The global macro backdrop had also been looking more positive – with energy prices easing, not only in crude oil, but also natural gas in Europe, which spiked to extraordinary levels after Russia invaded Ukraine.
After a prolonged period when the ‘crack spread’ between crude oil and refined products was also elevated, the falls in crude have finally fed through to jet fuel, too. After dropping 9.1% in the last month, it was lower by 36.6% in the year to 24 March, according to Platt’s data – more in line with the decline in air freight prices, which should help ease the pressure on margins for carriers.
Lower prices for energy and transport should help ease inflationary pressures generally. Even though inflation looks ‘stickier’ in services than in goods or commodities, many economists anticipate it to fall sharply – perhaps back to 3% or even lower in Europe by year-end. That, in turn, should ease pressure on central banks to push interest rates up much further.
Taken together, all these factors were making many commentators at least cautiously optimistic a recession could be avoided – or that, at worst, it might be shallow and short-lived.
Hence the sudden collapse of Silicon Valley Bank (SVB) and some other smaller banks in the US, rapidly followed by the rescue of Credit Suisse (CS) by long-time rival UBS in Switzerland, came as something of a shock.
At a stroke, these events revived unwelcome memories of the global financial crisis of 2008 – and questions about whether we are in for a repeat.
Of course, as in 2008, a major problem with the financial system would have widespread consequences for the real economy – with air freight likely to be among the first sectors to show symptoms.

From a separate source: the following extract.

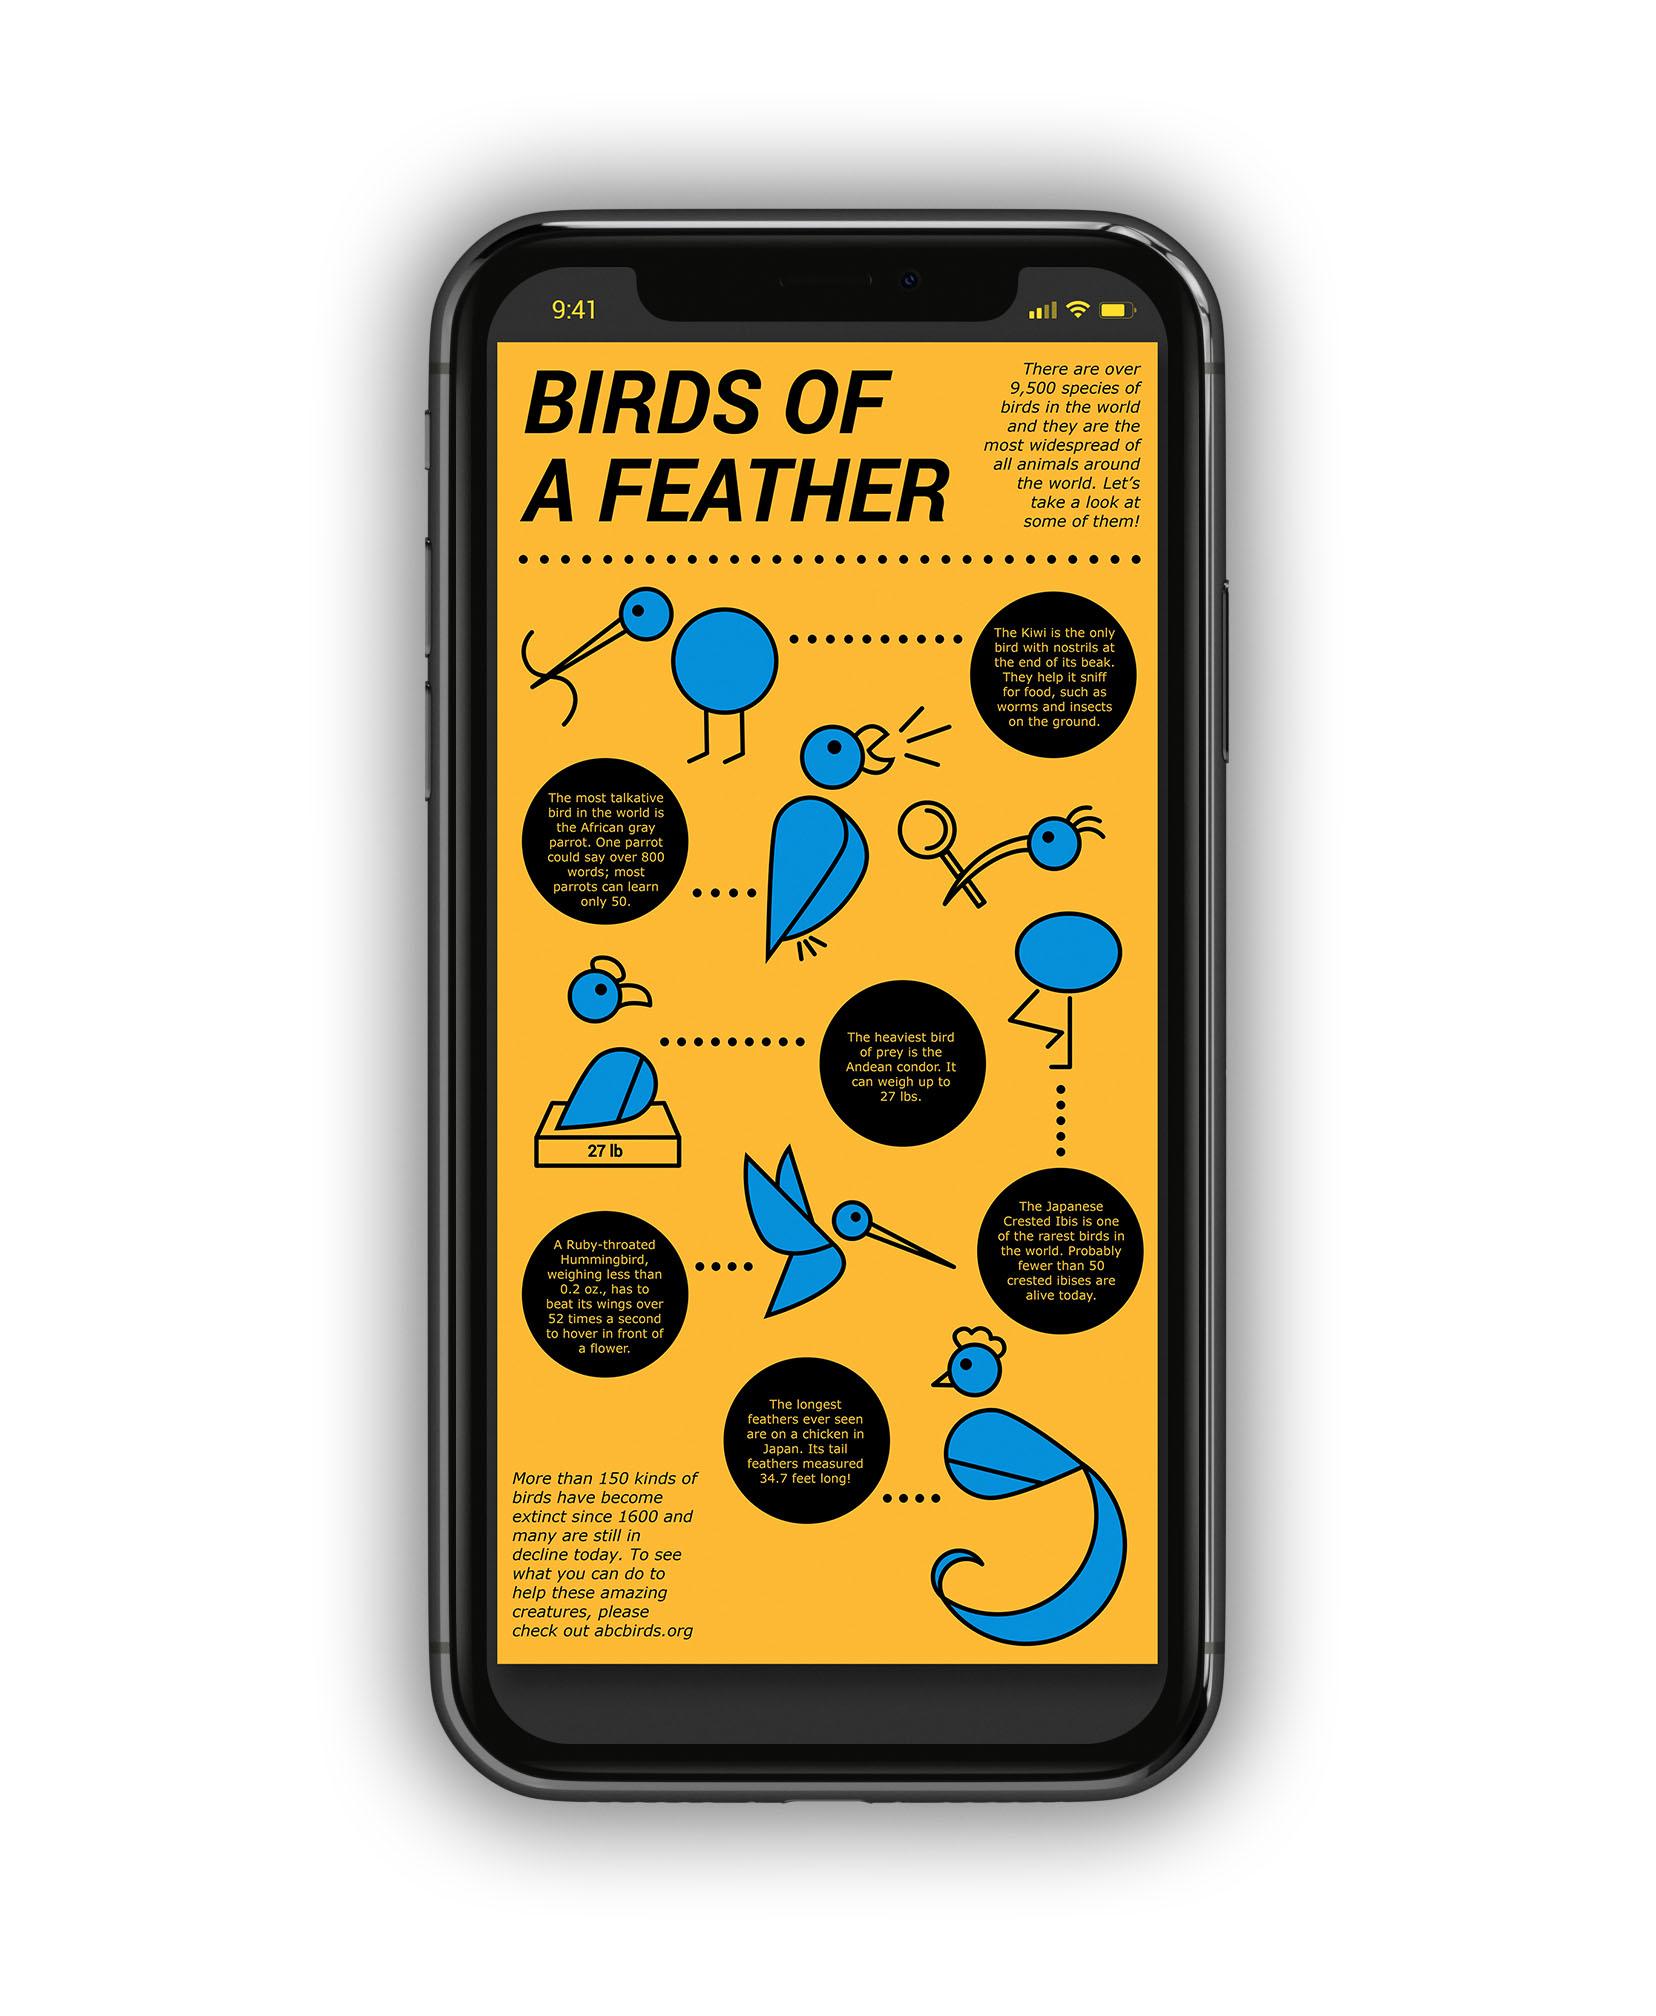 BirdInfographic_MU4.jpg

At first glance, the prospect of a new banking crisis seems counter-intuitive. Indeed, until recently, many investment managers had been betting on a rise in bank profits – and share prices.

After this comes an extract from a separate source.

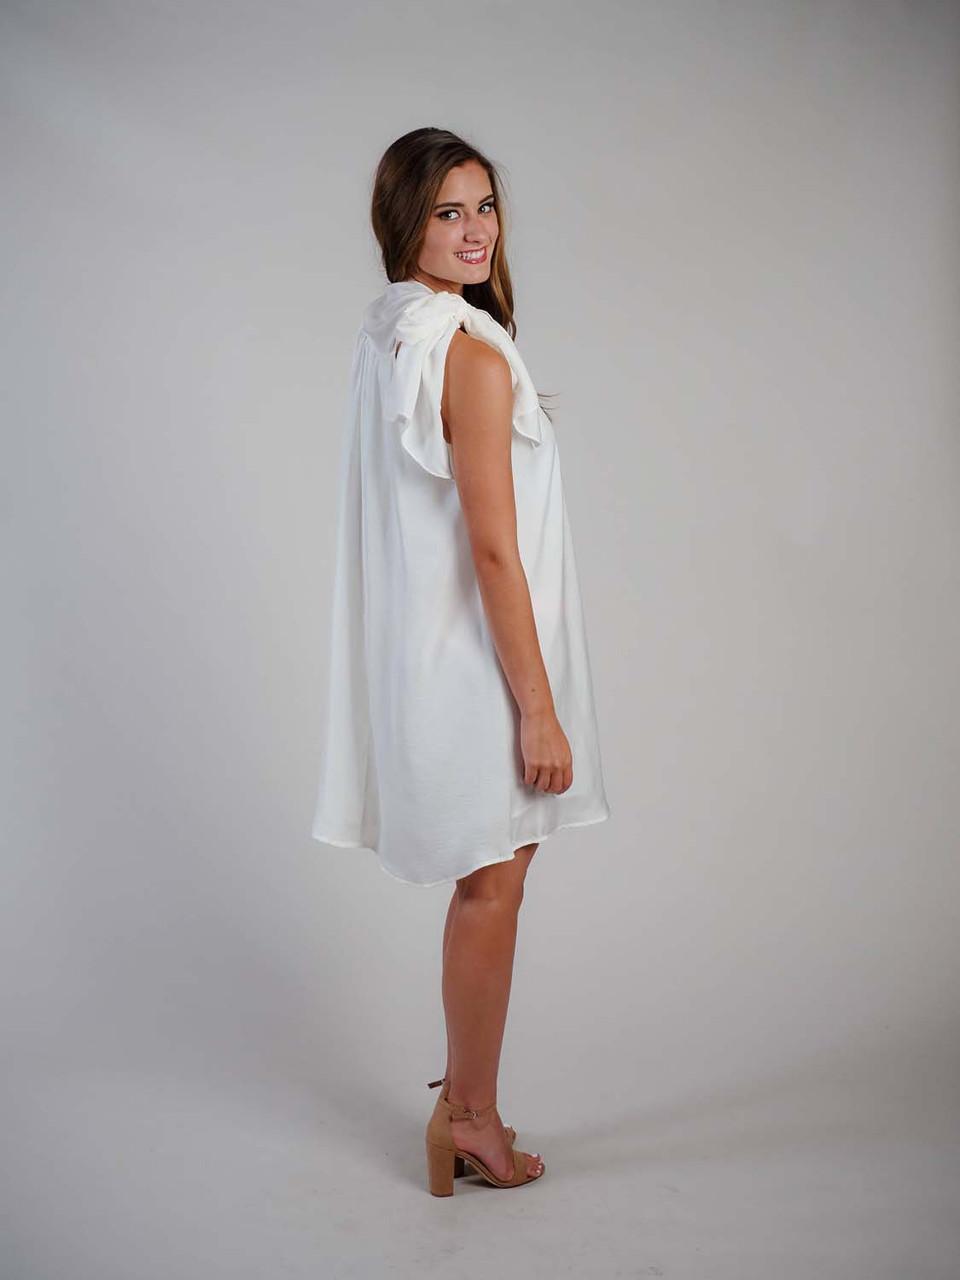 ivory white dress with large neck bow

In the immediate aftermath of recent developments, they have been scrambling, instead, to work out whether the problems with SVB and CS were idiosyncratic – to do with specific issues for those banks – or whether they might be systemic, which would signal a much bigger problem.
Some of the issues in both cases do seem specific. SVB, for instance, was very focused on the tech sector – and arguably a victim of its own success when tech boomed during the pandemic, dramatically boosting its deposit base.
SVB then got wrong-footed by the rapid, explosive rise in interest rates – which causes bond prices to fall – and inversion of the yield curve. With short-term rates to pay on its deposits rising well above longer-term earnings on its treasury bond holdings, SVB suddenly faced a classic liquidity mis-match – and an estimated $16bn of unrealised losses.
It is quite likely that plenty of other US banks will have fallen into the same trap – though hopefully not to anything like the same extent.
In the case of Credit Suisse, its travails were ironic in various ways – not least as, back in 2008, it was one of the biggest beneficiaries of the financial crisis when hedge funds and other clients pulled business away from US investment banks like Lehman Brothers.
But CS squandered that windfall over the following years with a long series of mis-steps, including massive losses on trading with Archegos, a family office run by former Tiger Asia hedge fund manager Bill Hwang.
In the aftermath, it is not surprising market attention has turned to other banks that were also beneficiaries of 2008, such as Deutsche Bank. Following the CS debacle, the share prices of Deutsche, UBS and others wobbled as investor confidence was shaken.
That said, it should be stressed that risk management, capital requirements and regulatory controls are undoubtedly much tougher now for banks than they were pre-2008.
Only time will tell, and problems at other banks may emerge. But this time we should be far from facing such a huge systemic problem.